En dos volúmenes de considerable extensión, la doctora Patricia Rosas Lopátegui presenta una asombrosa cantidad de entrevistas y textos de muy variada índole, destinados a ilustrar aspectos varios de la vida y la obra de la maestra poblana Elena Garro Navarro. Es de sobra conocido el trabajo que ha desarrollado la profesora e investigadora Rosas Lopátegui para divulgar con amplitud y justeza, dentro y fuera de México, la obra literaria de varias escritoras, como Nahui Ollin y Guadalupe Dueñas, entre otras. Es clara, con base en esa trayectoria, su capacidad para reunir con paciencia y rigor documentos casi olvidados, pero necesarios para apreciar en su justa dimensión a nuestras literatas, rindiéndoles tributo a través de libros vastos y utilísimos.

Pues bien, entre la cantidad, ya importante, de sus investigaciones sobre escritoras despuntan, sin duda alguna, aquellas dedicadas a la vida y obra de Garro. Tres son los títulos que preceden al que comento aquí. Los menciono: Yo sólo soy memoria. Biografía visual de Elena Garro (1999), Testimonios sobre Elena Garro (2002) y El asesinato de Elena Garro. Periodismo a través de una perspectiva biográfica (2005 y 2014).
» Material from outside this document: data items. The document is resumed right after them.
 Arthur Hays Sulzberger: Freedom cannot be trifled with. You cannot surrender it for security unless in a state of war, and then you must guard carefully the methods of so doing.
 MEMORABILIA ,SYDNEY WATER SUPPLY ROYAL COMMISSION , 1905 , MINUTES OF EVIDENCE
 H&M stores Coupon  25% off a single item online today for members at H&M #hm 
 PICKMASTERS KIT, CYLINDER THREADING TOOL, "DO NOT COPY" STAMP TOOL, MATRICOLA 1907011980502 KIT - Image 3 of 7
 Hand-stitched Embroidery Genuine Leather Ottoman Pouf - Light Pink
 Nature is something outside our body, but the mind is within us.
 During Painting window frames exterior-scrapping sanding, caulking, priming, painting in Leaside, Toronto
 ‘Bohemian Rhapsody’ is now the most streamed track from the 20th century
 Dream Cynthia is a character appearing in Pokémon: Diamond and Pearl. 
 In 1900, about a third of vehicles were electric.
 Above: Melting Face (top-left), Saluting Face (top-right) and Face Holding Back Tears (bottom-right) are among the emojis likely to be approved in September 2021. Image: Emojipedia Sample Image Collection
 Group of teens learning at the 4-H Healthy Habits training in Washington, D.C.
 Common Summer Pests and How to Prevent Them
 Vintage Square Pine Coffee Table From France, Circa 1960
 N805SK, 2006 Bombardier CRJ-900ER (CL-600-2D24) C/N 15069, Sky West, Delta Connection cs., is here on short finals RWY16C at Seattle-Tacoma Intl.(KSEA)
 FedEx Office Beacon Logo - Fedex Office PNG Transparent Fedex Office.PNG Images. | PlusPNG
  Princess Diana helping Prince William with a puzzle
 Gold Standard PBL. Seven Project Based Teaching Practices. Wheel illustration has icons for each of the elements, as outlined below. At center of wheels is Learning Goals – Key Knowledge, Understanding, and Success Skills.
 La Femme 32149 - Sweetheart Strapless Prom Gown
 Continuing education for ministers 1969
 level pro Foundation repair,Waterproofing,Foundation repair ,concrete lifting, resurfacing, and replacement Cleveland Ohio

Tal como lo indica la compiladora y editora, Diálogos con Elena Garro viene a completar ese magno esfuerzo biográfico y crítico. Y lo hace mediante un trabajo de investigación hemerográfica del todo atendible por lo abarcado y por la persona en torno a la cual gira el apetitoso corpus que pone ante nuestros ojos.

A lo largo de dos volúmenes, Diálogos con Elena Garro ofrece un recuento biográfico muy puntual y actualizado, basado en fuentes de primera mano, y aderezado con abundantes notas bibliohemerográficas, de contexto, así como procedentes de las decenas de entrevistas transcritas; también se enriquece con datos tomados de las obras literarias y la correspondencia de la escritora poblana. Todo ello permite una reconstrucción por demás interesante del periplo vital de una de las narradoras y dramaturgas más relevantes de la lengua española.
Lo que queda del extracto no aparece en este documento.